Neither Davis nor Moe knew exactly when the Craig center went “live” online, but believed it was in the early 2000s. 

In the informational work session, the commissioners had a list of more than 20 questions for Davis, ranging from the length of response times to how calls are charged. Questions generated additional questions, and by the end of the session, the board agreed there is “a lot of legwork” still to be done. Both the board and Davis said public health and safety is at the top of the priority list, trumping financial considerations. 

Davis supplied additional information, noting that hiring and training the additional staff for the Craig dispatch center to handle RBC’s current call volume (five or six full time employees), would take at least 10 months, defusing the notion that transferring dispatch services to Craig could make up a portion of the anticipated $2.3 million 2021 budget shortfall. 

While some tasks could be accomplished simultaneously in a transition, Davis explained, others would be sequential, including hiring and training. 

“You could throw money at me today and point a gun at my head and I’d say I’m sorry, I can’t do it,” Davis said when asked if Craig’s call center could take on Rio Blanco County’s needs right away.

Moe commented on the experience of other communities around the state in combining their public safety answering points (PSAPs), who “all recently went through transitions to bring PSAPs together and it took a couple years and they wish they’d spent more time on it. There were hidden costs, all the personnel issues, there’s a lot to consider, along with the expectation of the service you’re getting now and the realistic expectation of what we can provide.” Gunnison and Jefferson counties were mentioned specifically.

The general idea of transferring dispatch services to Craig is still open for consideration, however. The department consumes close to $600,000 of the county’s annual budget. 

According to Davis, the five regional CSP call centers currently dispatch for 80 different entities around the state. In Moffat County, for example, the Craig Center dispatches for the sheriff’s office, but not for the Craig Police Department. Transferring the services Meeker and the county rely on would include not just the sheriff’s office, Meeker Police Department, and Meeker Volunteer Fire and Rescue but also Search and Rescue, Safehouse, Road and Bridge, jail services, animal control, and the school district. School bus drivers regularly radio in road hazards and more to the county’s dispatch. Those additional services would add costs to the overall costs, which are calculated by call per agency. RBC dispatch also responds to informational calls and administrative calls for the entities they serve. 

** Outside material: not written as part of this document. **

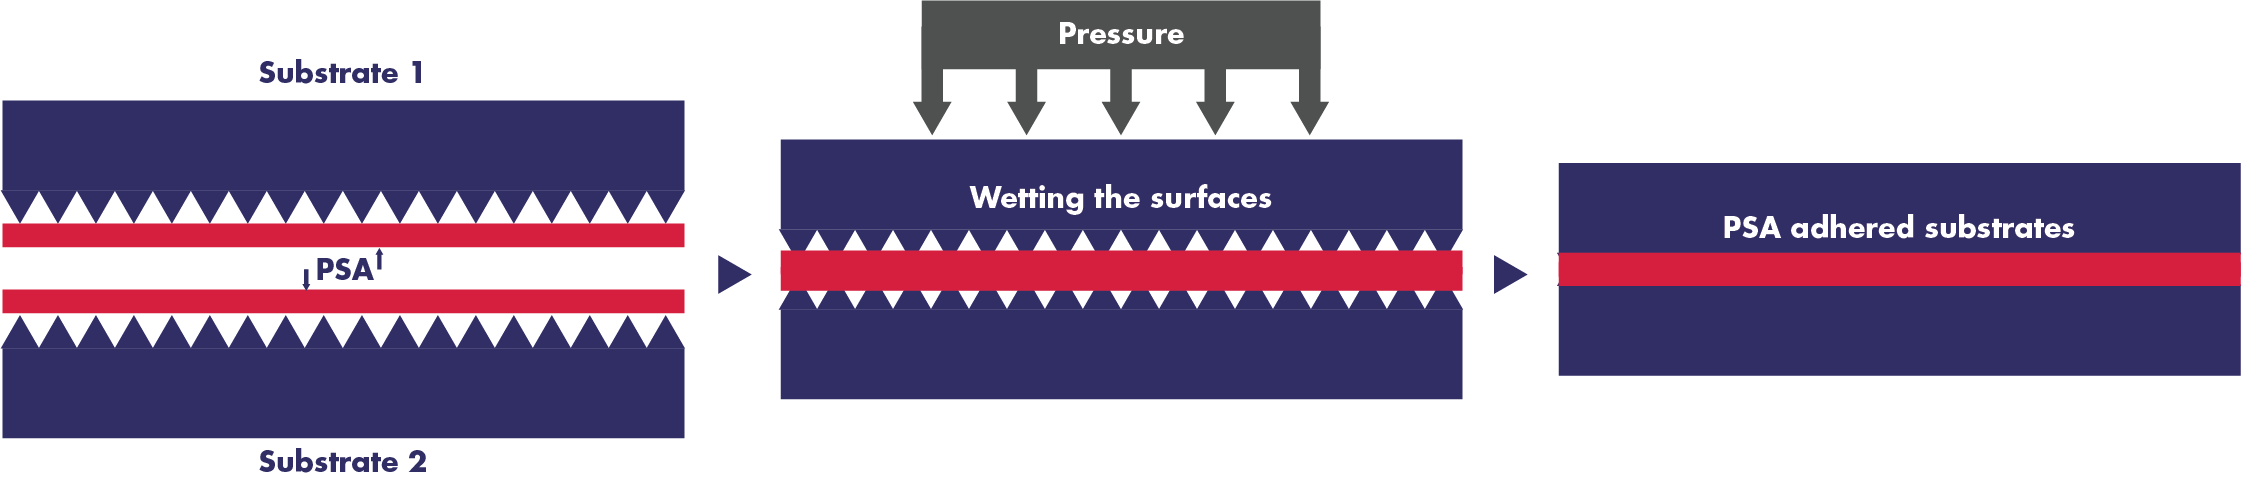 Figure 1. Basic approach to achieving adhesive function through pressure
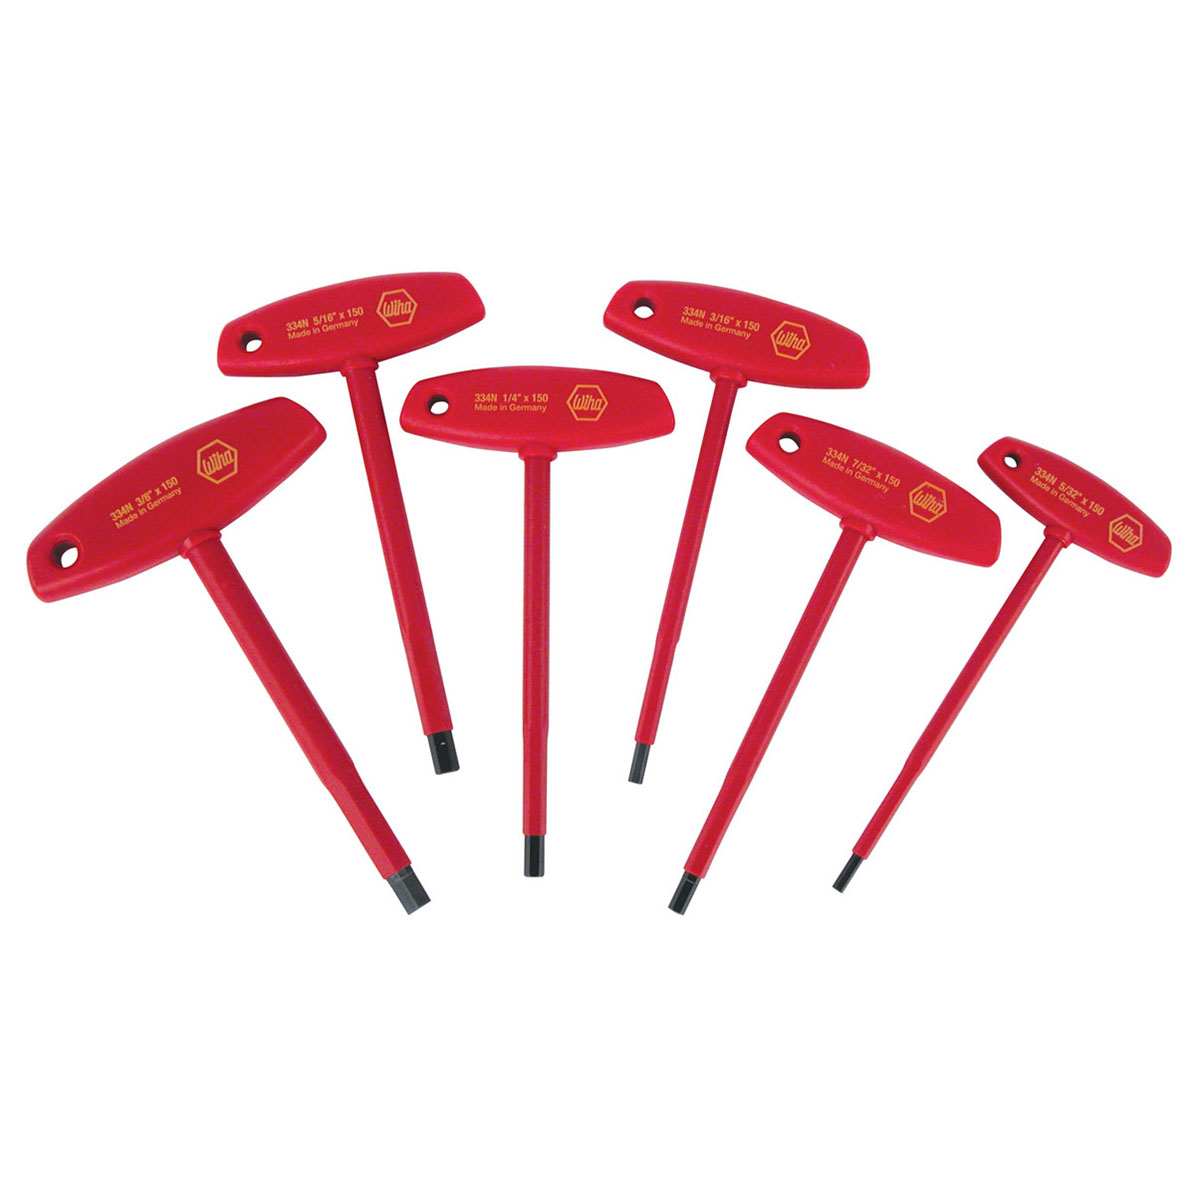 6 PIECE INSULATED THANDLE HEX SCREWDRIVER SET  INCH

Several local entities still use VHF radio technology, which would require an additional cost for the Craig center to manage. RBC Sheriff Anthony Mazzola said BLM and U.S. Forest Service, which are called upon for wildland fires, still use VHF as well as the Meeker fire department.

Asked about the future of dispatch call centers in general and improving technology (ESINET and NextGen 911, which involve improved cell phone tracking, at a minimum), Davis said, “There’s always a benefit from having regional expertise, from people that live in that ZIP code dispatching, but technologically, one entity could theoretically dispatch for the whole state,” Davis said.